Typically, existing solutions rely on a job with a ready SQL dump, which is converted in accordance with the syntax of the target database. But in some cases (widely used web application with a large amount of information) this option carries certain costs for the creation of SQL dump from the database, convert it and load the resulting dump back in the database. So optimal is an online-variant (straight from DBMS to DBMS) Converter that can significantly reduce simple services.

Language to implement the chosen C++ (with some features from C++11x), libraries for connecting to MySQL and PostgreSQL has been used native, as IDE has been involved Qt Creator.

The migration algorithm consists of the following.
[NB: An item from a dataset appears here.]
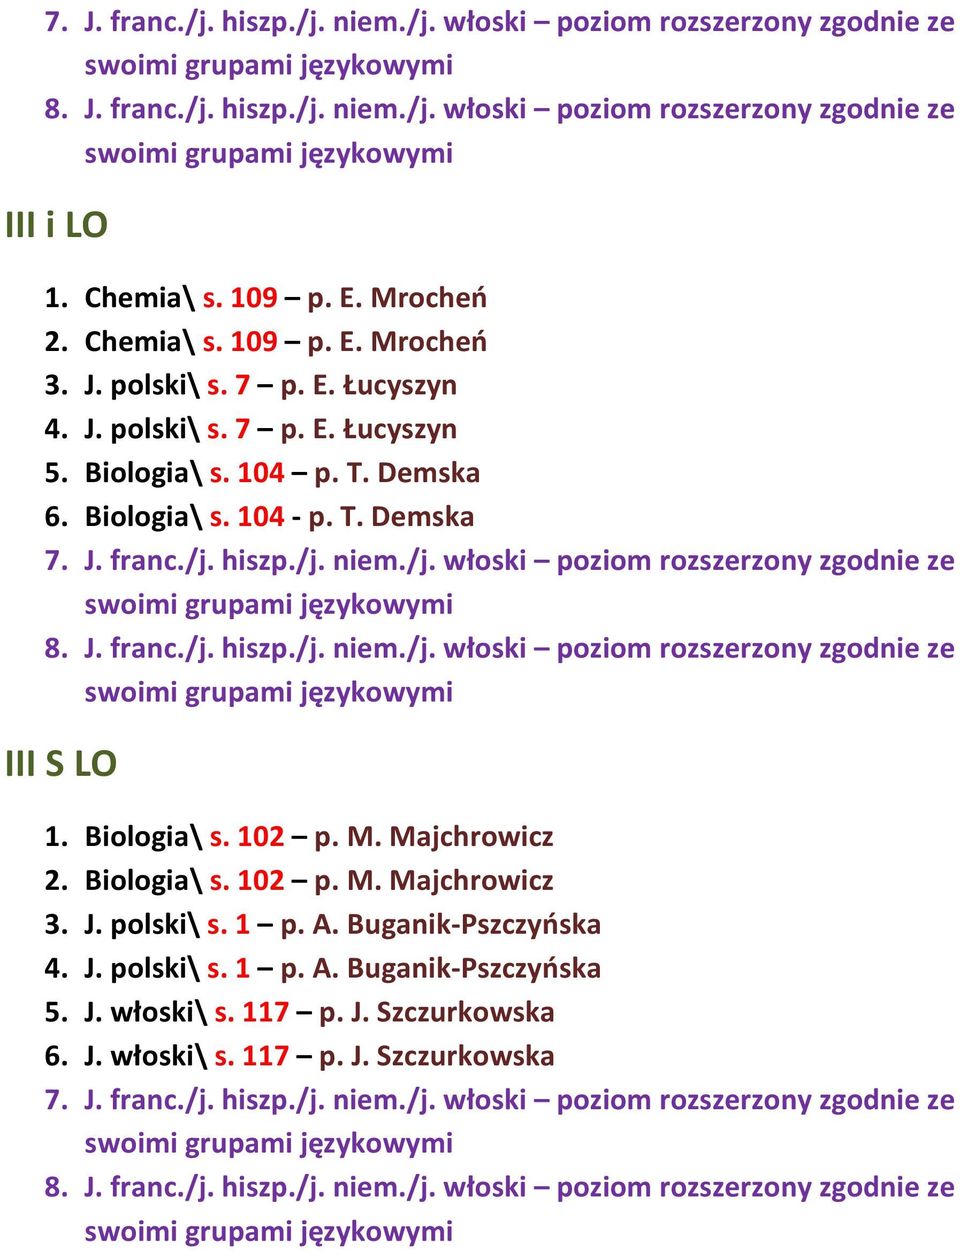 Biologia\ s. 102 p. M. Majchrowicz 3. J. polski\ s. 1 p. A. Buganik-Pszczyńska 4. J. polski\ s. 1 p. A. Buganik-Pszczyńska 5.
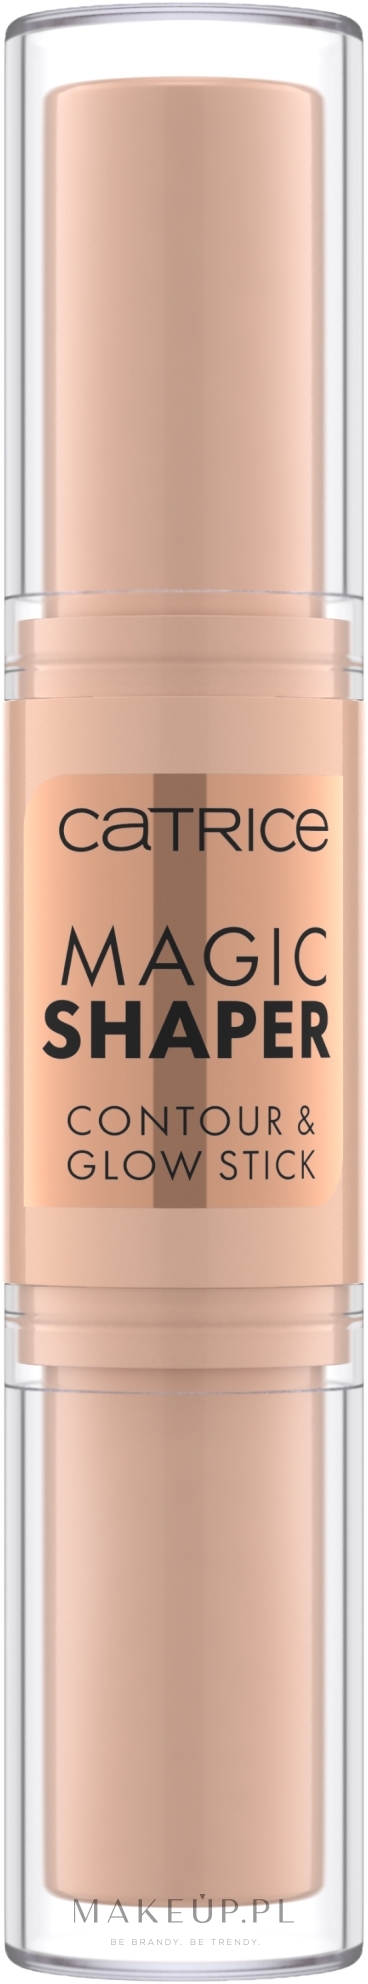 Catrice Magic Shaper Contour & Glow Stick - Dwustronna kredka do  konturowania w sztyfcie

It is understood that in DB-recipient already created the table structure corresponding to the structure in the database. Create a list of tables to migrate the data, which is then allocated in the thread pool. Each thread has a connection to the database source and database-to the recipient. Ie is transferred in parallel on multiple tables. Profit!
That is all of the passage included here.